Virginia Tech recently announced the launch of their National Security Institute, aiming to become the U.S. leading academic entity and thought leader in research and development, technology innovation, policy, and talent, all in advancement of national security.
For cleared recruiting, essentially, they should have just climbed to the top of your list as talent acquisition resources to pull recent graduates from (they may have been on your list already since their engineering school has some students that have obtained security clearances through defense contracting internships).

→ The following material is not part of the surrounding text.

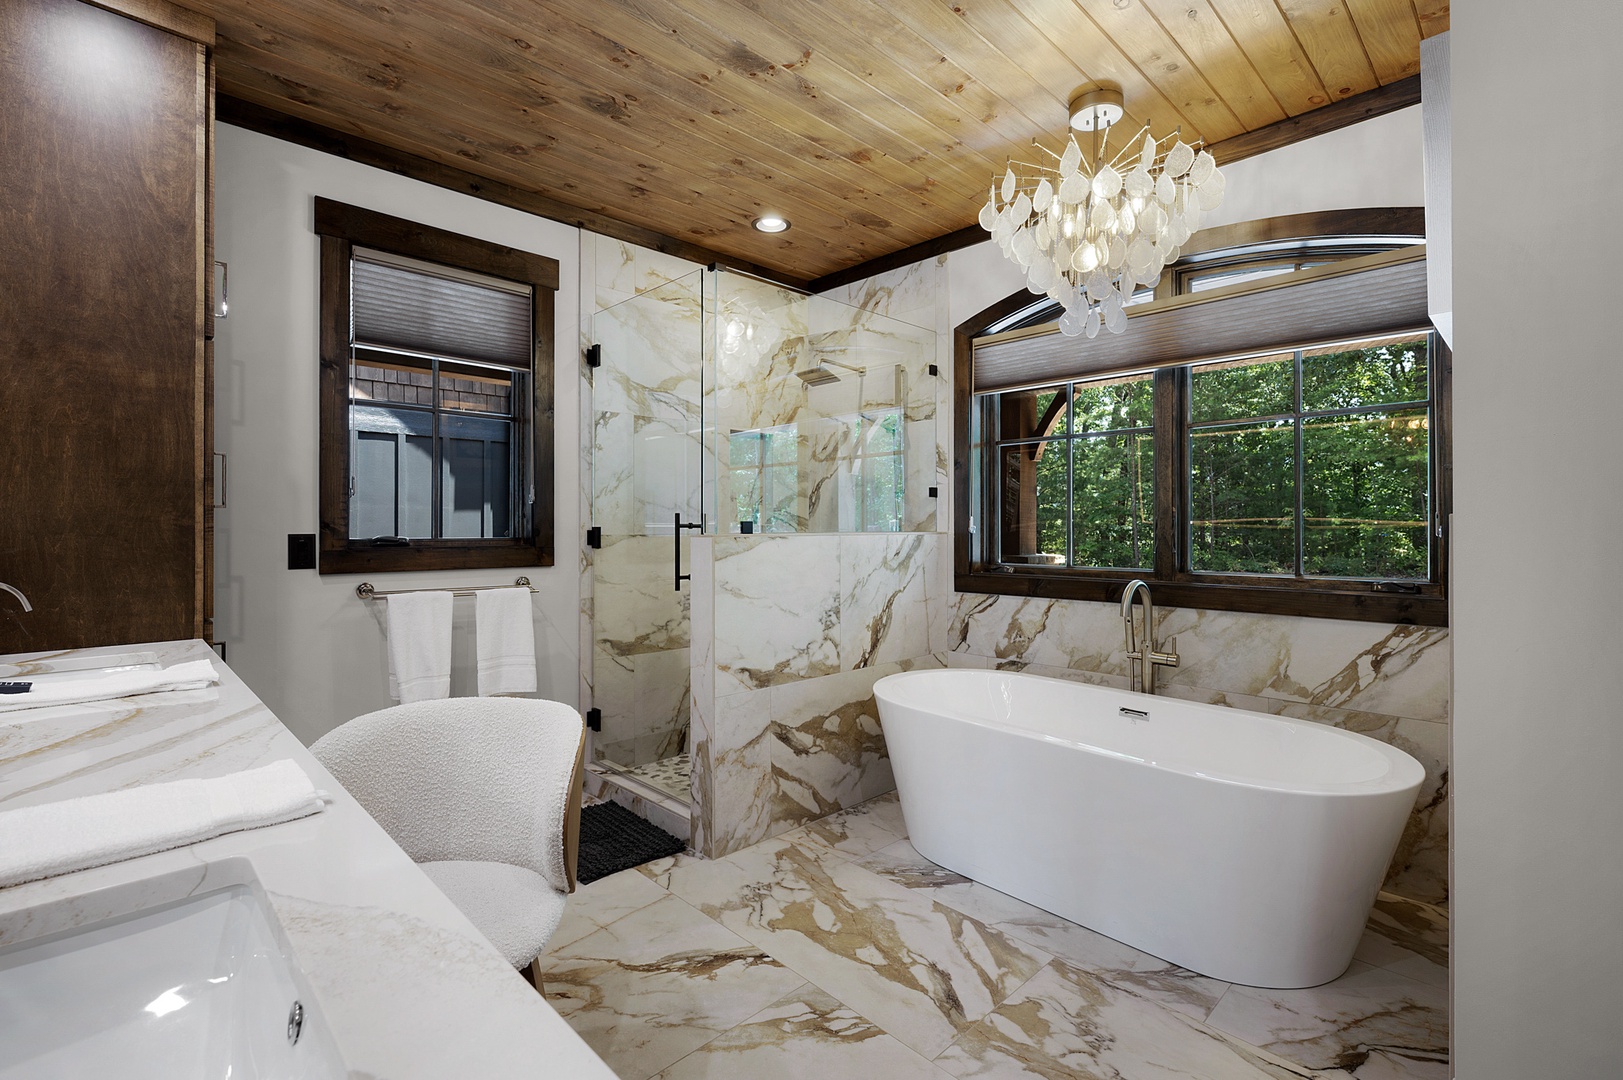 The Sanctuary: Entry Level Primary Luxurious King Bedroom's Private Bathroom

UNIVERSITIES AS CANDIDATE SOURCES FOR CLEARED PROGRAMS
These types of partnerships require some finesse to maintain but can pay off and save your recruiting team loss on vacant billets. It’s critical to partner with local universities to where you are staffing contracts – and this includes schools with national security institutes or intelligence tracks. Here are a few examples for locations with government customers that have cleared openings and elite schools that you could potentially pull candidates from.
The DoD is already Virginia Tech’s biggest source of federal funding with around $50 million in FY 2020. Why not bring the candidates back to their largest investor through their college years as post grads in the working world?
Letitia “Tish” A. Long, chairman of the Intelligence and National Security Alliance (INSA and current rector of the Virginia Tech Board of Visitors is very excited about the new launch. “Virginia Tech has created a thriving ecosystem of security-related research and workforce development that provide the critical foundation necessary to support the National Security Institute’s mission of shaping the next generation of intelligence leaders, and in pursuit of a safer America,” she notes.
The institute will bring together researchers, programs, and resources from the school such as the Virginia Tech Applied Research Corporation (VT-ARC) and the Ted and Karyn Hume Center for National Security and Technology, combining student learning opportunities and R&D at a large scale.
Recruiters should be tipping that large scale in their favor.